Detailed Description

In order to make the technical solutions of the present invention better understood and make the above features, objects, and advantages of the present invention more comprehensible, the present invention is further described with reference to the following examples. The examples are intended to illustrate the invention only and are not intended to limit the scope of the invention.

In the embodiment of the invention, the raw materials are all purchased commercially; the preparation method of the black phosphorus quantum dot is as follows: example 1 of chinese invention patent CN 201811275750.4; the preparation method of the calixazole is described in the following: example 3 of chinese invention patent CN 201510309211.8.

Example 1

The environment-friendly diatom ooze is characterized by comprising the following components in parts by weight: 30 parts of modified diatomite, 0.5 part of black phosphorus quantum dots, 8 parts of palygorskite powder, 6 parts of illite powder, 10 parts of surface-modified Ti-Nd-O, 0.3 part of hydroxypropyl methyl cellulose, 3 parts of sodium polyacrylate super absorbent resin and 25 parts of water.

The preparation method of the surface modified Ti-Nd-O comprises the following steps:

i, adding chemically pure titanium chloride and rubidium nitrate into ethanol, carrying out ultrasonic stirring for 0.5h, then slowly adding sodium acetate, carrying out vigorous stirring for 1h, transferring the solution into a hydrothermal reaction kettle with a polyvinyl fluoride lining, and carrying out reaction for 15h at 180 ℃. Taking out the reaction kettle, repeatedly washing the reaction system with deionized water and absolute ethyl alcohol after the reaction system is cooled, finally drying the reaction system in a vacuum drying oven at 70 ℃ for 18 hours, burning the reaction system for 3 hours in a nitrogen atmosphere at 500 ℃, cooling the reaction system to room temperature, grinding and crushing the reaction system, and sieving the reaction system by using a 300-mesh sieve to obtain a product, namely Ti-Nd-O; the mass ratio of the titanium chloride to the rubidium nitrate to the ethanol to the sodium acetate is 1:0.1:20: 2;

II, dispersing the Ti-Nd-O prepared in the step I in ethanol, adding N-trimethoxysilylpropyl-N, N-trimethyl ammonium chloride, stirring and reacting at 60 ℃ for 3 hours, then adding 2,4, 6-tri (4-carboxyphenyl) -1,3, 5-triazine, continuing to keep the temperature and stirring for 1 hour, and then performing rotary evaporation to remove ethanol to obtain surface modified Ti-Nd-O; the mass ratio of the Ti-Nd-O, the ethanol, the N-trimethoxysilylpropyl-N, the N-trimethyl ammonium chloride and the 2,4, 6-tri (4-carboxyphenyl) -1,3, 5-triazine is 1:3:0.2: 0.1.

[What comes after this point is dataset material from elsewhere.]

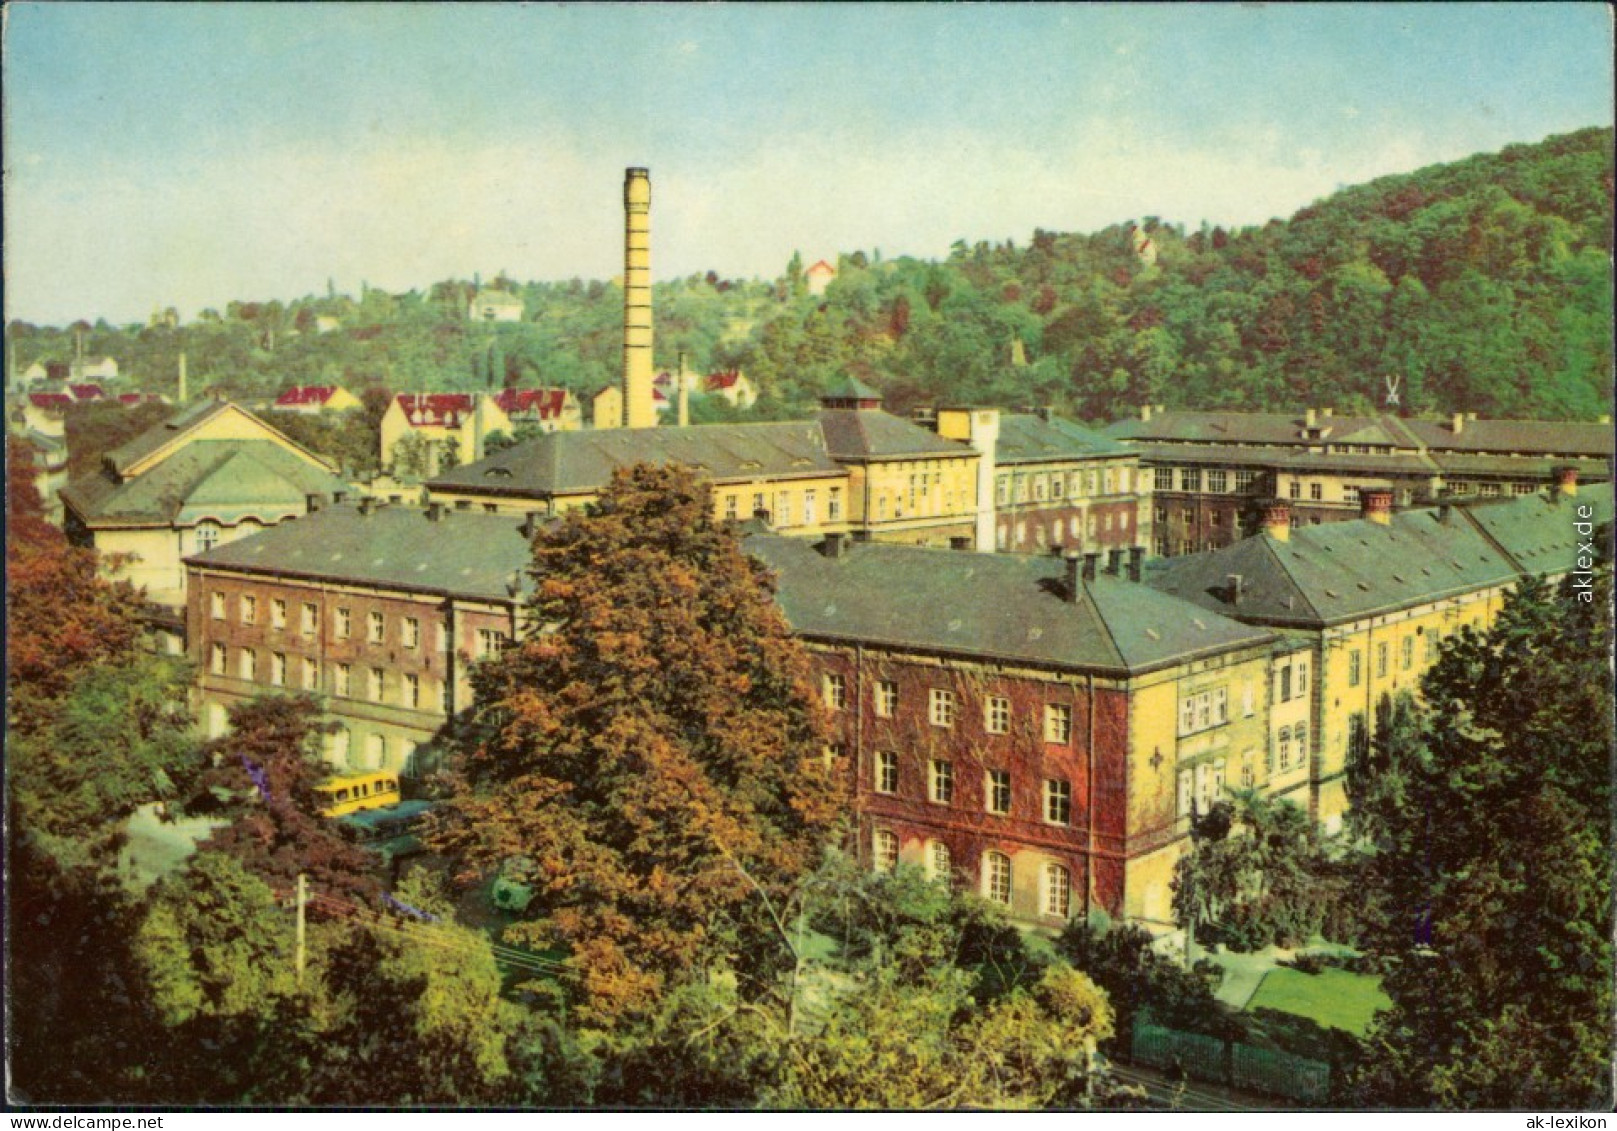 Ansichtskarte Meißen VEB Staatliche Porzellan-Manufaktur - Werksansicht 1966 - Meissen

The preparation method of the modified diatomite comprises the following steps:

step D1, dispersing diatomite in ethanol, adding 2-chloroethyl triethoxysilane, stirring at 60 ℃ for reaction for 3 hours, and then performing rotary evaporation to remove ethanol to obtain an intermediate product; the mass ratio of the diatomite to the ethanol to the 2-chloroethyl triethoxysilane is 1:4: 0.2;

d2, adding the intermediate product prepared in the step D1, dicarbazole and sodium hydride into N-methylpyrrolidone, stirring and reacting for 3 hours at 80 ℃, centrifuging, washing for 3 times by using water, and drying in a vacuum drying oven at 80 ℃ to constant weight to obtain modified diatomite; the mass ratio of the intermediate product to the calixazole to the sodium hydride to the N-methylpyrrolidone is 1:0.1:0.2: 4.

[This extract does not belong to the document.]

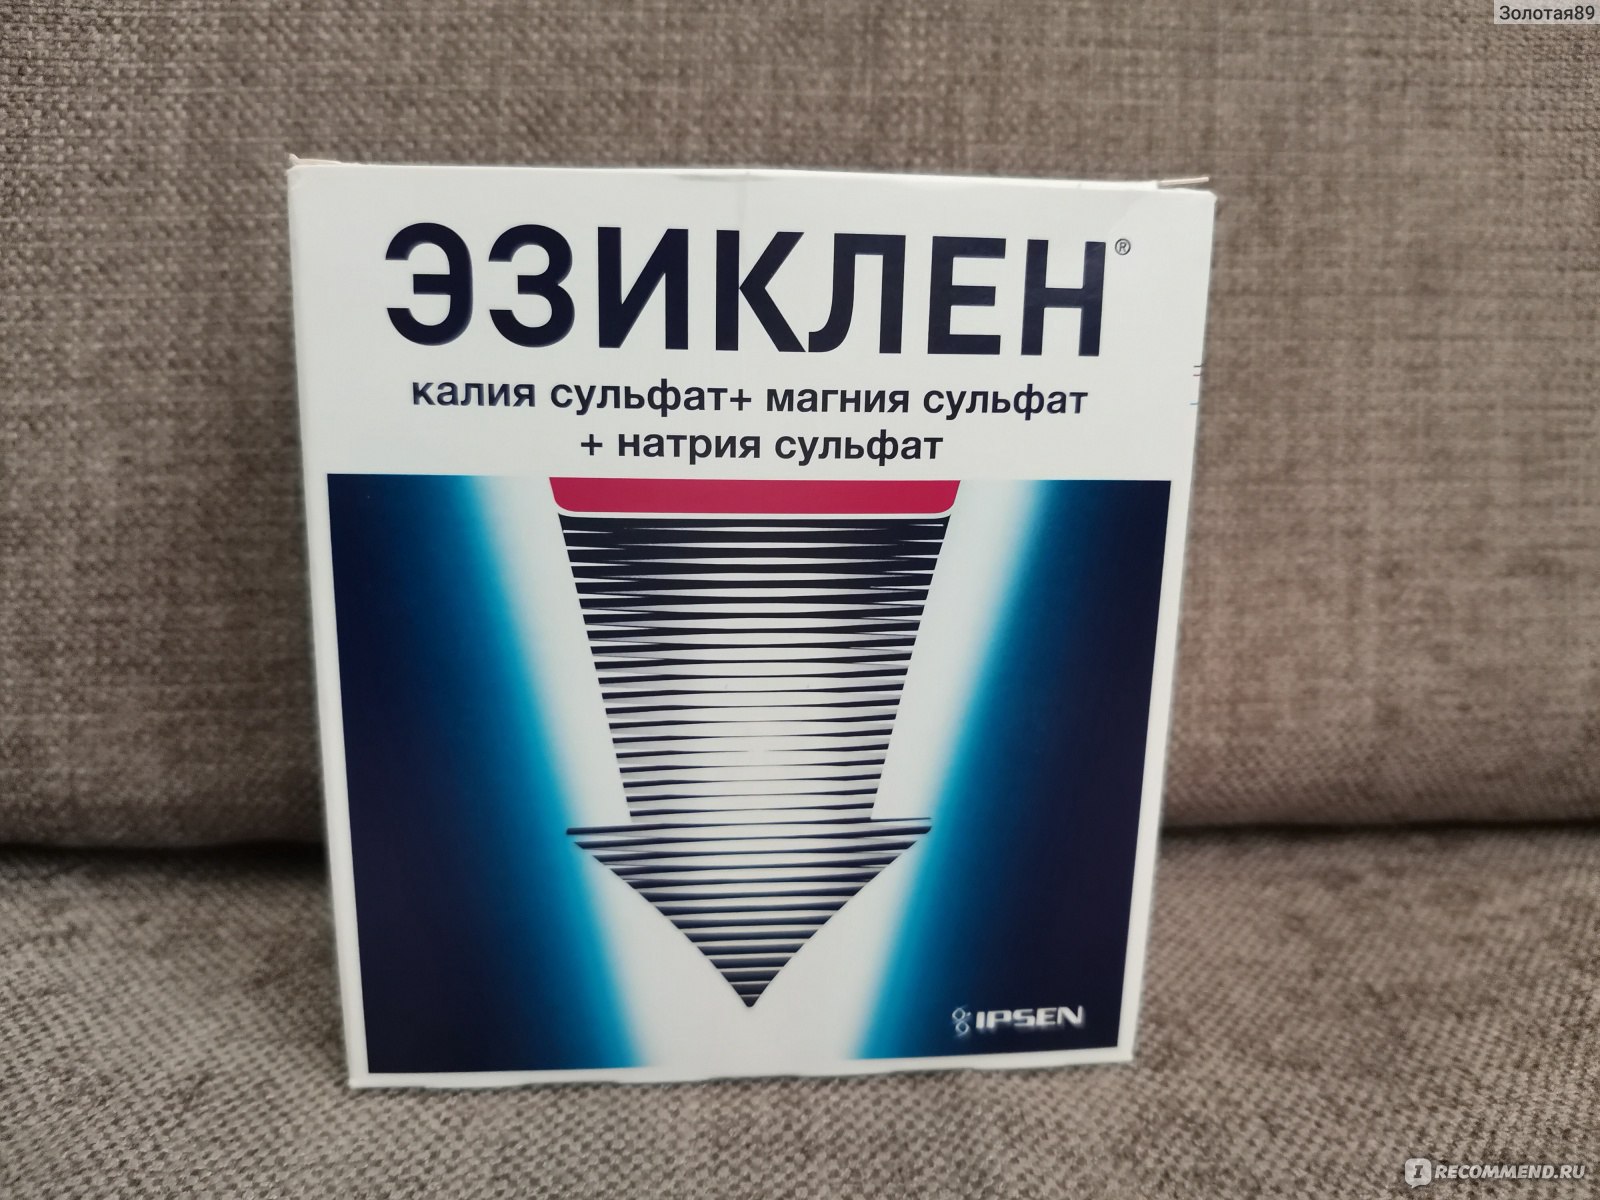 Эндофальк инструкция по применению, цена на препарат в аптеках Украины - МИС Аптека

The preparation method of the environment-friendly diatom ooze is characterized by comprising the following steps: mixing the components in parts by weight, adding the mixture into a high-speed dispersion machine, and stirring the mixture for 15min at the rotating speed of 900r/min to obtain the finished product of the environment-friendly diatom ooze.

Example 2

The environment-friendly diatom ooze is characterized by comprising the following components in parts by weight: 35 parts of modified diatomite, 1 part of black phosphorus quantum dots, 9 parts of palygorskite powder, 6.5 parts of illite powder, 12 parts of surface-modified Ti-Nd-O, 0.4 part of polyvinyl alcohol, 4 parts of starch grafted acrylate super absorbent resin and 27 parts of water.

The preparation method of the surface modified Ti-Nd-O comprises the following steps:

i, adding chemically pure titanium nitrate and rubidium sulfate into ethanol, carrying out ultrasonic stirring for 0.7h, then slowly adding sodium acetate, carrying out intensive stirring for 1.2h, transferring the solution into a hydrothermal reaction kettle with a polyvinyl fluoride lining, and carrying out reaction for 17h at 190 ℃. Taking out the reaction kettle, repeatedly washing the reaction system with deionized water and absolute ethyl alcohol after the reaction system is cooled, finally drying the reaction system in a vacuum drying oven at 73 ℃ for 20 hours, burning the reaction system for 3.5 hours in a helium atmosphere at 530 ℃, cooling the reaction system to room temperature, grinding and crushing the reaction system, and sieving the reaction system by a 350-mesh sieve to obtain a product, namely Ti-Nd-O; the mass ratio of the titanium nitrate to the rubidium sulfate to the ethanol to the sodium acetate is 1:0.1:22: 2.3;

II, dispersing the Ti-Nd-O prepared in the step I in ethanol, adding N-trimethoxysilylpropyl-N, N-trimethyl ammonium chloride, stirring and reacting at 65 ℃ for 3.5 hours, then adding 2,4, 6-tri (4-carboxyphenyl) -1,3, 5-triazine, continuing to keep the temperature and stirring for 1.2 hours, and then performing rotary evaporation to remove ethanol to obtain surface modified Ti-Nd-O; the mass ratio of the Ti-Nd-O, the ethanol, the N-trimethoxysilylpropyl-N, the N-trimethyl ammonium chloride and the 2,4, 6-tri (4-carboxyphenyl) -1,3, 5-triazine is 1:3.5:0.22: 0.1.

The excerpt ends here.